Am 28. März 2023 haben die übernächtigten Mitglieder des Koalitionsausschusses der in Deutschland regierenden Ampelkoalition in einer 30stündigen Sitzung Beschlüsse gefasst, die für den Naturschutz in Deutschland nichts Gutes erwarten lassen. Nach der im letzten Jahr überstürzt durchgesetzten Änderung des Bundesnaturschutzgesetzes steht nun die naturschutzgesetzliche Eingriffsregelung im Fadenkreuz der „Fortschrittskoalition“:
Das Bundesnaturschutzgesetz verlangt seit 1976, dass die mit Bauvorhaben verbundenen unvermeidbaren Beeinträchtigungen von Natur und Landschaft bestmöglich repariert werden. Diese Verpflichtung galt damals als ein Meilenstein des Naturschutzes. Zwar hält die Ampelkoalition an der Eingriffsregelung an sich noch fest, aber der Eingriffsverursacher soll – so lesen es Kenner der Materie aus den 16seitigen Beschlüssen heraus – künftig wählen können, ob er Maßnahmen zum Schadensausgleich ergreift oder eine Naturschutzabgabe entrichtet. Das ist zwar prinzipiell nicht neu, aber freikaufen kann sich der Eingriffsverursacher mit einer „Ersatzzahlung“ bisher erst dann, wenn die Eingriffsfolgen nicht mit Naturschutzmaßnahmen kompensiert werden können. Zudem sind Eingriffe, deren Folgen so schwerwiegend sind, dass die nicht behoben werden können, unzulässig – sofern der Naturschutz vorrangig ist.
Schon eine frühere Bundesregierung verfolgte ein ähnliches Ziel – und zwar 2009 die Koalition aus CDU, CSU und FDP. In ihrem Koalitionsvertrag hieß es: „Wir werden den Bundesländern die Kompetenz geben, beim Ausgleich von Eingriffen in die Natur das Ersatzgeld anderen Kompensationsmaßnahmen gleichzustellen.“ Die Fachleute des Naturschutzes fürchteten damals nicht grundlos die Aushöhlung der Eingriffsregelung und statt eines echten Schadenausgleichs schnöden Ablasshandel.
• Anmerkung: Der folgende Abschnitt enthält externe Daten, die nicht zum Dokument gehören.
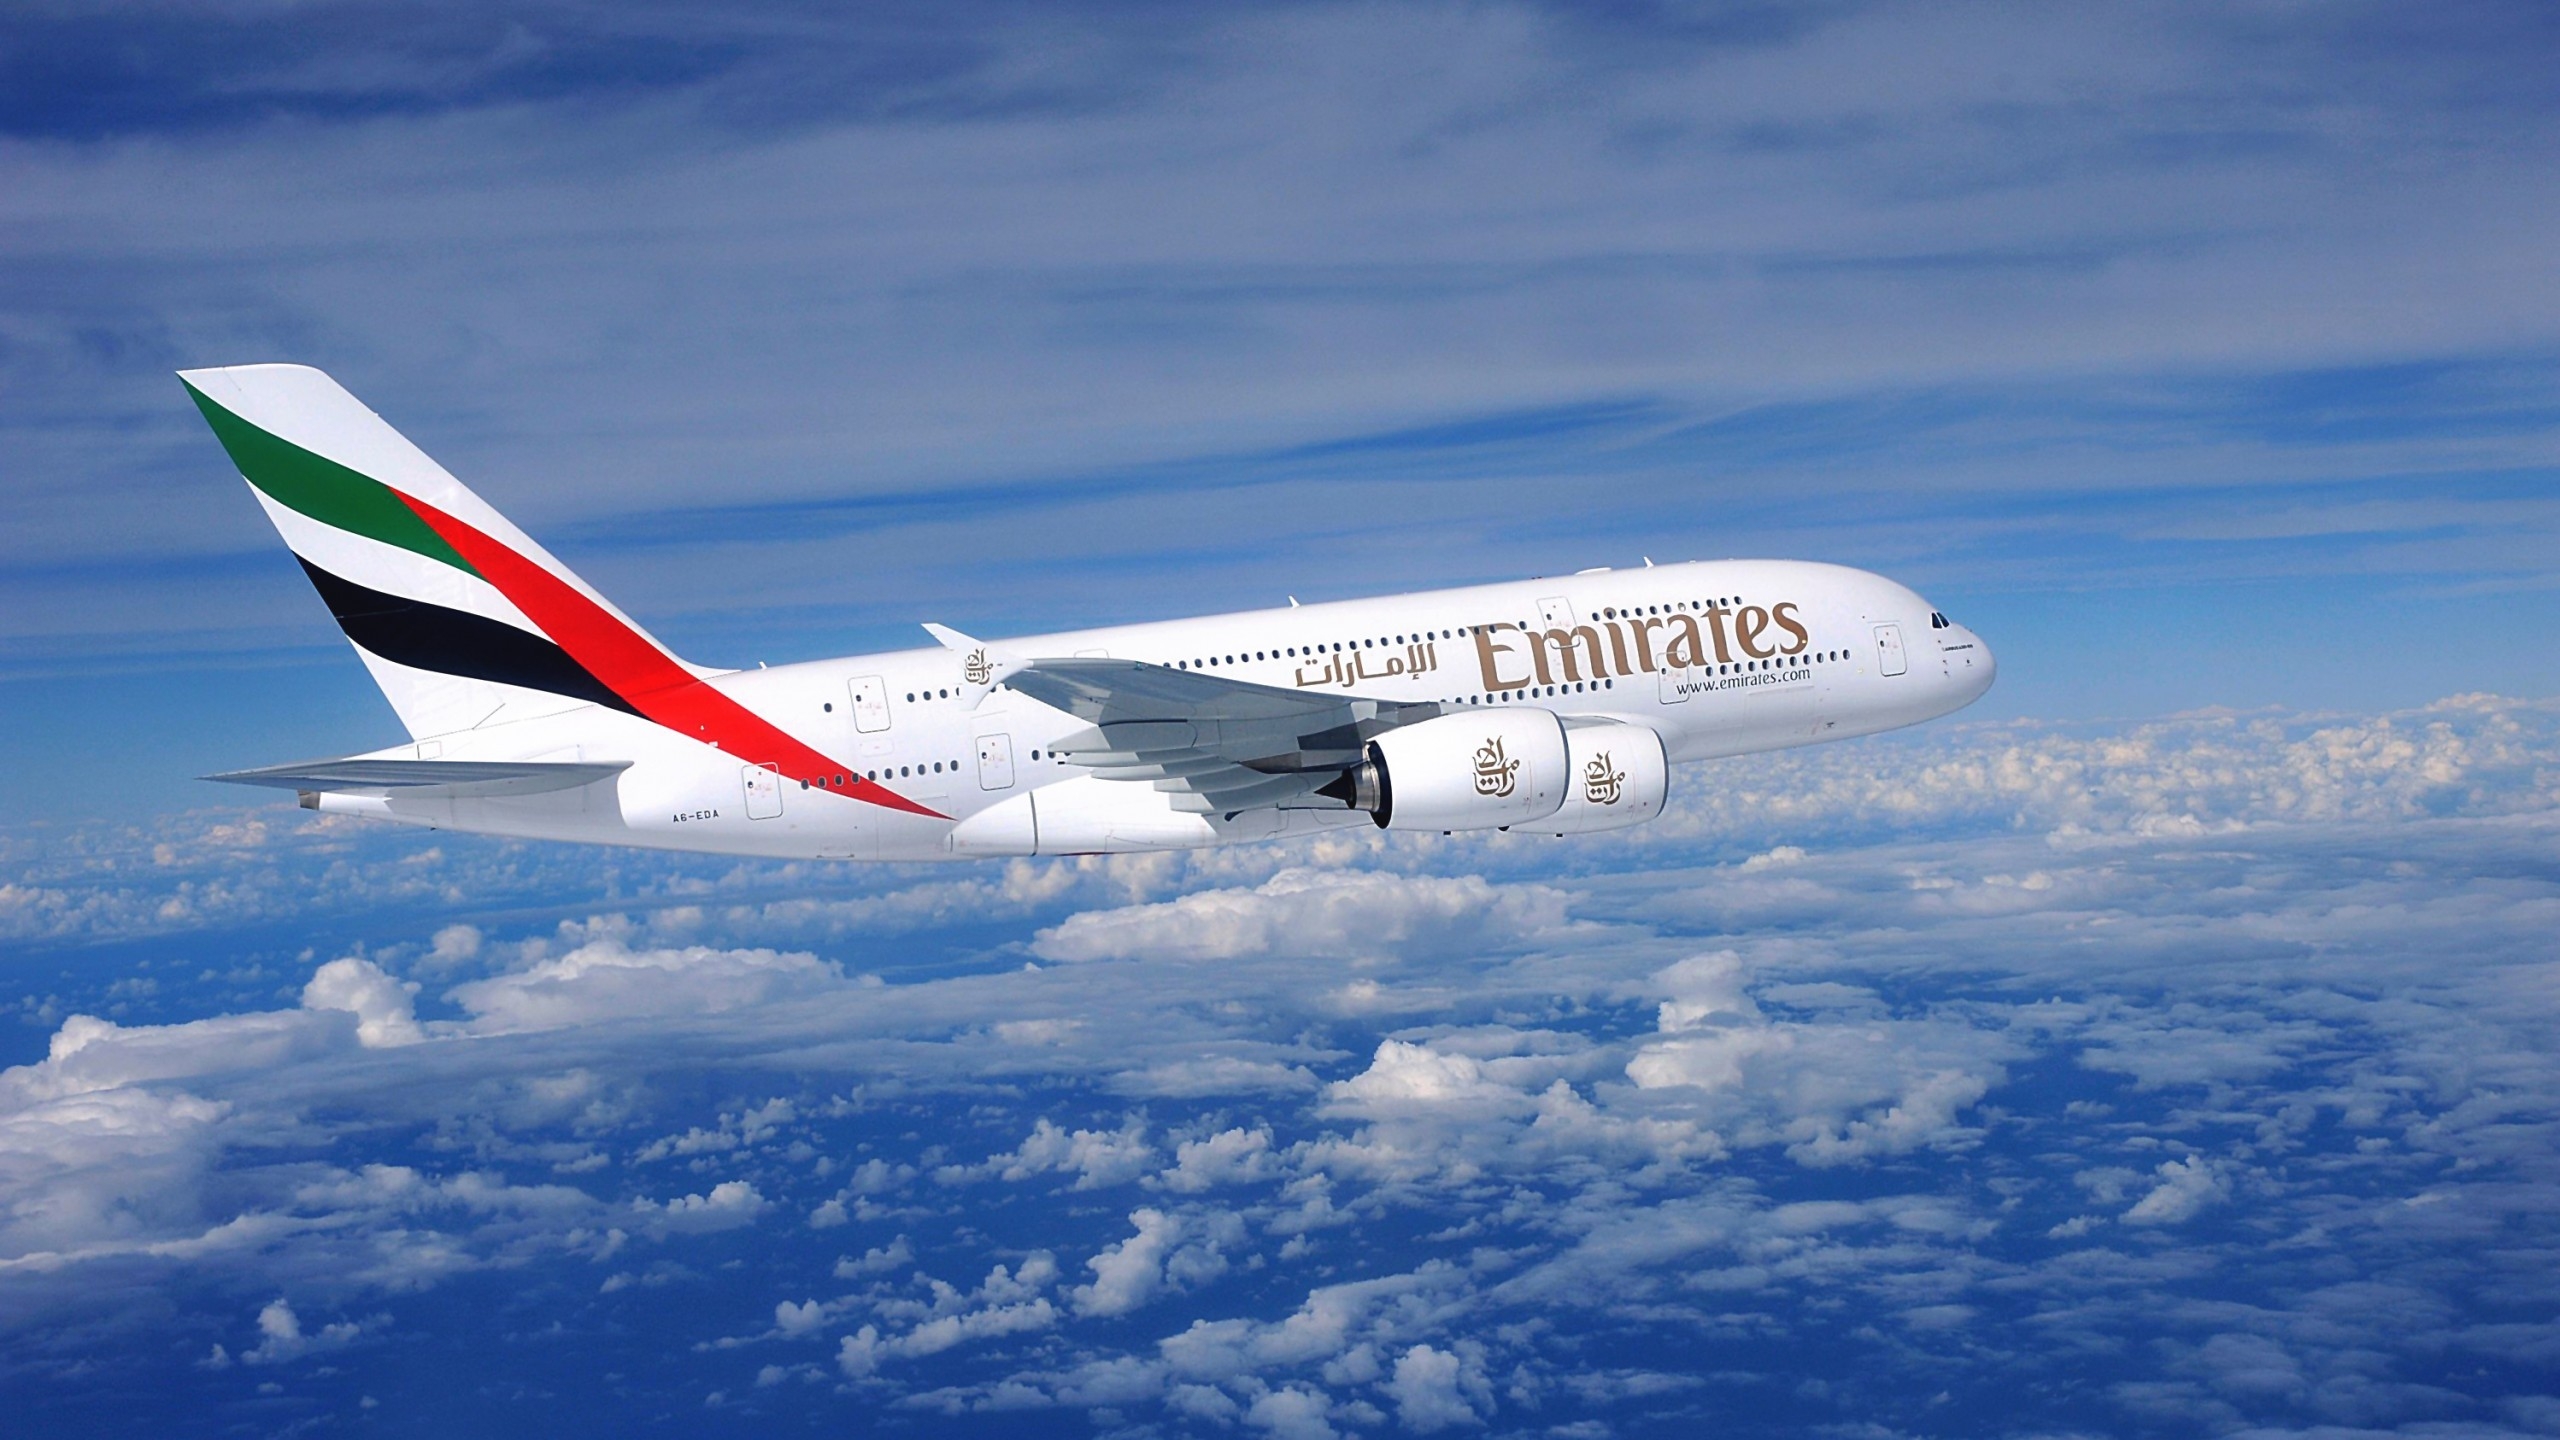 Emirates Airline for 2560x1440 HDTV resolution

Dieses Ansinnen wurde damals wegen verfassungsrechtlicher Bedenken nicht ins Werk gesetzt. Prof. Dr. Christoph Degenhart von der Universität Leipzig hatte diese in einem an das Bundesumweltministerium adressierten Gutachten aufgezeigt. Soweit reicht das Erinnerungsvermögen der amtierenden Bundesregierung nicht. Feierte der SPD-Vorsitzende Lars Klingbeil am Abend des 28. März 2023 in einem Interview im heute Journal die Aufgabe des Vorranges naturaler vor monetärer Kompensation denn nicht als Paradigmenwechsel und als Fortschritt – bizarrer Weise als Fortschritt für den Naturschutz? Im Beschluss wird für weitere Gesetzesänderungen „ein Konsultationsprozess mit Verbänden, Praxis und Wissenschaft“ angekündigt. Die Koalitionäre wollen einen „Turbo einlegen“, „Deutschlandgeschwindigkeit“ und noch mehr „Wums“.
Nach der fatalen Öffnung der Landschaftsschutzgebiete für Windenenergieanlagen, dem Abbau von planungsrechtlichen Vorschriften und einem dramatischen Abbau des Artenschutzrechts zugunsten der Windenergiewirtschaft arbeitet die Ampelkoalition offenkundig an einer weiteren beispiellosen Entrechtung des Naturschutzes. Die Kritik der Spitzen der Naturschutzorganisationen fällt verhalten aus. Allerdings wachsen Zweifel am Kurs der Bundesregierung an der Basis dieser Verbände und nicht nur dort.